Time for a cup of tea…

The British, India and Tea

It has been a while since I wrote, for I was busy on the home front with yet another move. I did not have to move far this time, and did what many in America do, I downsized. In simple terms I moved to a smaller home without a backyard and many of those other extra amenities, in order to make our life after office hours a bit more manageable. Unlike what most people think, we have to do most of the work ourselves when it come to the shifting and leave only the final furniture moving to the big and the brawny lads and their truck. So as you can imagine, it was a back breaking affair for the last three weeks  and at long last, we are somewhat settled, looking forward to a new neighborhood, and hopefully a new relaxed routine. After all that tiring work, I guess I deserve a stimulating beverage, but naturally, a cup of tea, brewed the Indian way, with milk and sugar.

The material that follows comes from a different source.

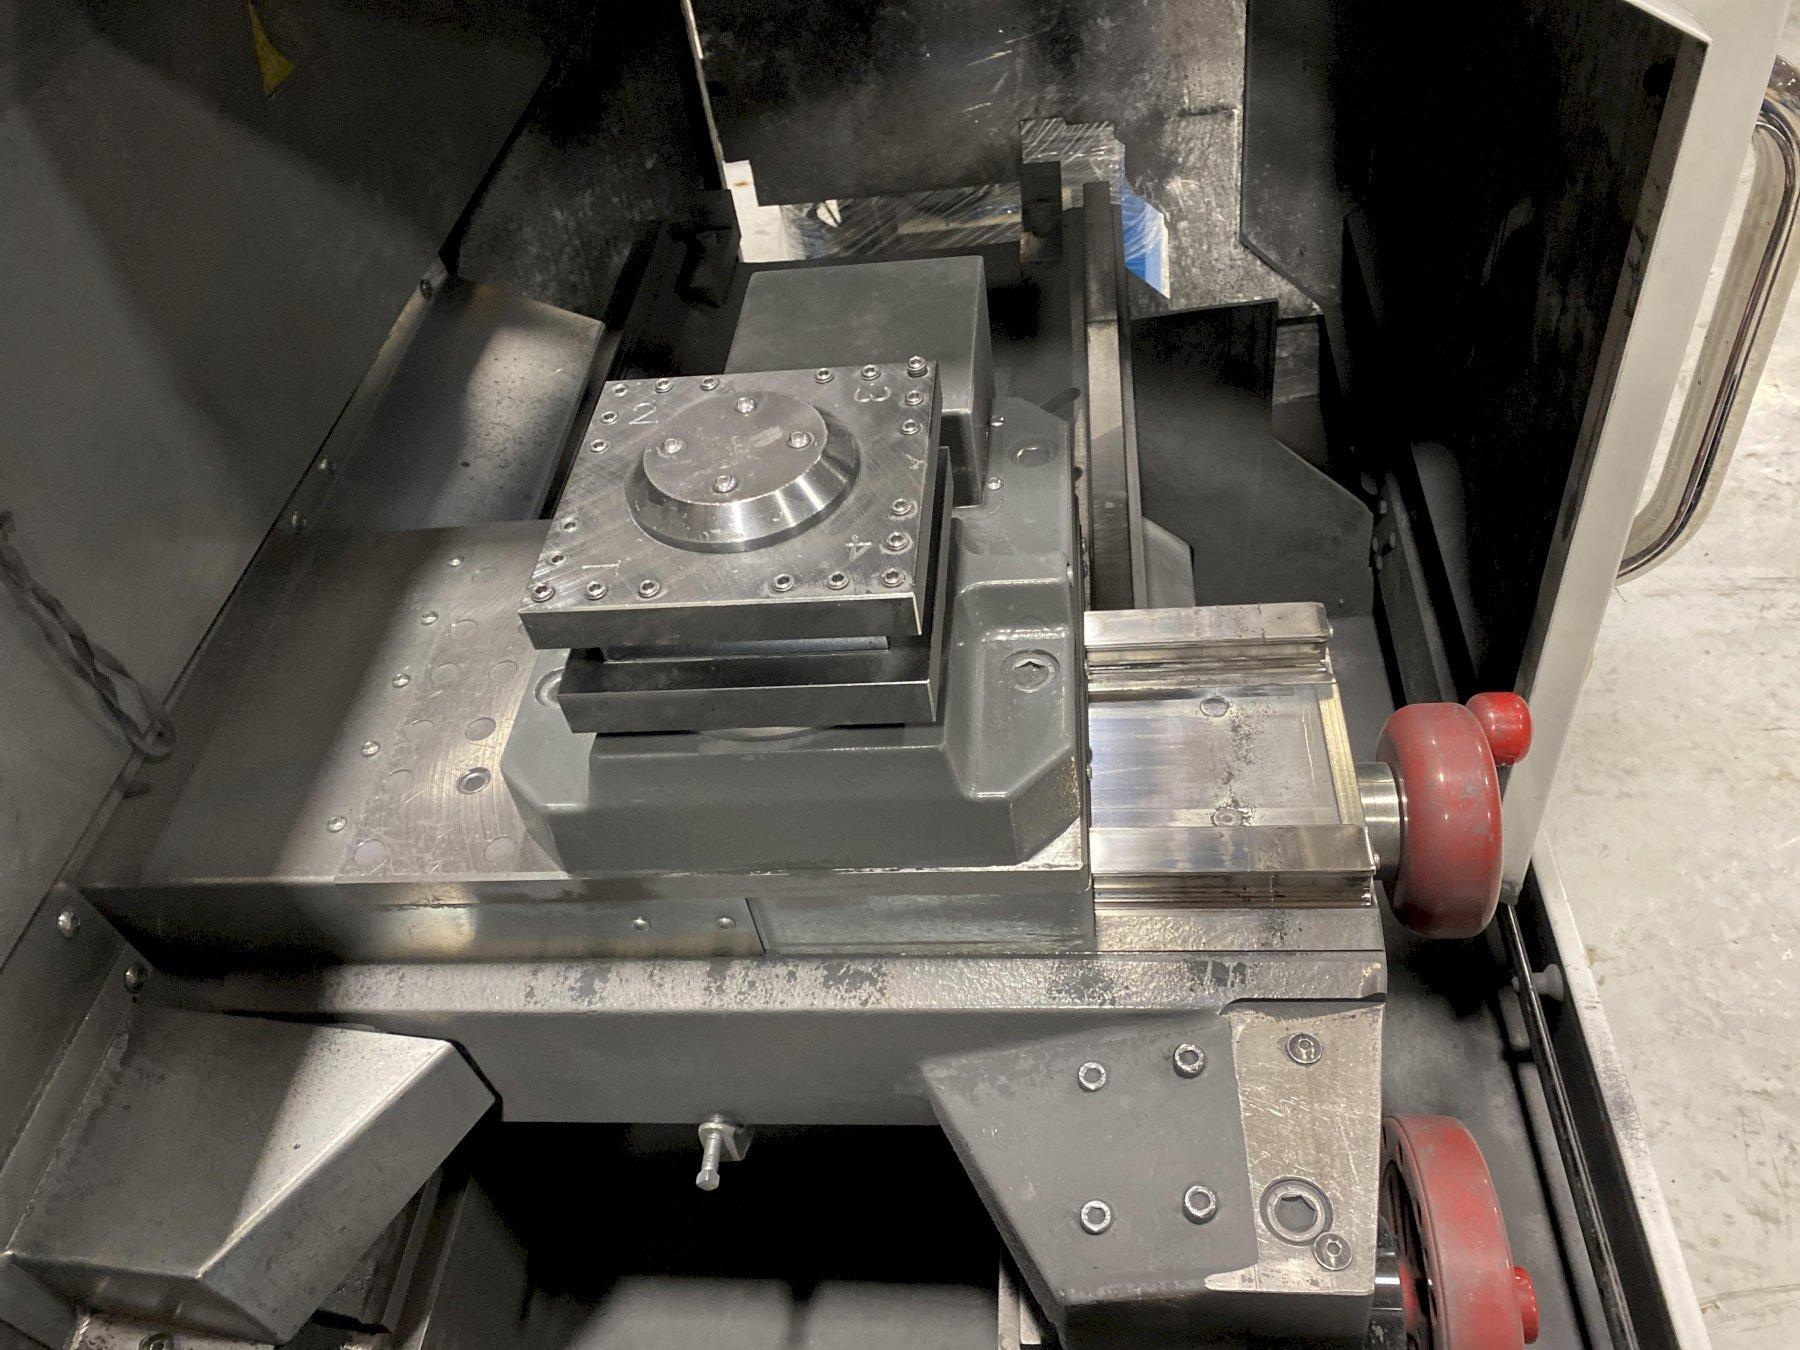 2012 Haas TL-1 CNC Lathe

I did traverse this path in another direction some years ago, looking at the tea shops in Kerala, but this is about the beverage itself, the drink which is supposedly stands second to water, as the most consumed beverage. For a while I was lost in my memories from a childhood spent in the tea estates of Waynad, at least those vacations, the smell of the tea leaves in the curing factory and the walk among the tea bushes. I have traveled far and wide, and have had tea in many a continent, the Arabic versions, the Turkish versions, the American, the British, the European, Chinese, Far Eastern, Korean and so on, but I would still prefer the traditionally made version with tea leaves, milk and sugar. Time has gone by and today you have all kinds of new ideas creeping into the art of tea drinking, with peppermint, chamomile, aloe Vera and so on added for flavor.

In Kerala you have many types of this popular beverage, there is the kali Chaya, the kattan, the sulaimani, the Paal Chaya, the special Chaya with extras of everything, the light Chaya, the meter tea, the biryani tea, the kadupathil made version and the version with added spices or the so called masala chai. Offices have to have a tea break and even the game of cricket sports these ever important tea breaks. I am sure some region or the other will have even more special versions and readers are encouraged to contribute with comments.

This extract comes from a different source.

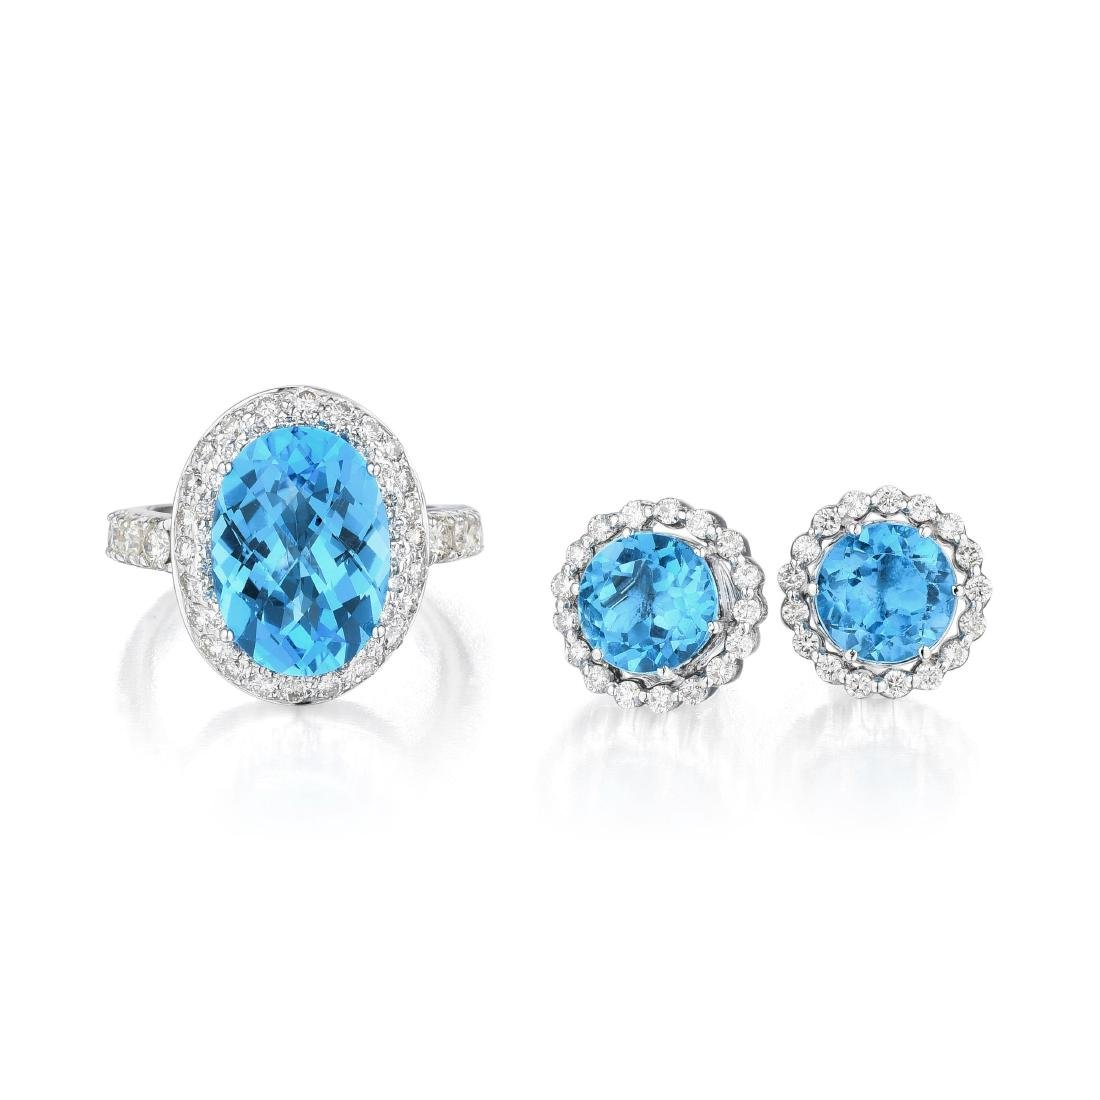 A Set of 18K White Gold, Topaz and Diamond Jewelry

As all these thoughts swirled around through the grey matter in my head, I mulled a bit as to whether I should make this article light like a Ceylon tea or strong like the Assam tea, and eventually decided to keep it light, so here goes…….

Tea became a drink favored by all the Indian classes only in the 20th century and was at times associated with the working classes or certain religions. For example in Tamil Nadu, tea was considered a Mussalman’s drink while Coffee was popularized by the Brahmins according to Chalapathy’s research. What is of course interesting is that tea became a commonplace drink in India only after the arrival of the British. The routes that this simple leaf took to become a perennially favorite drink of the masses presents a remarkable story of ingenuity and single mindedness of the Englishman, perhaps in pursuit of refinements to his otherwise unsatisfactory life back in the blighty and the hope of minting more sterling. This leaf as you may recall, went on to become the symbol of national resistance back here in America when in 1773, Bostonians destroyed a good amount of British tea laden in three ships when rebelling against the tea act.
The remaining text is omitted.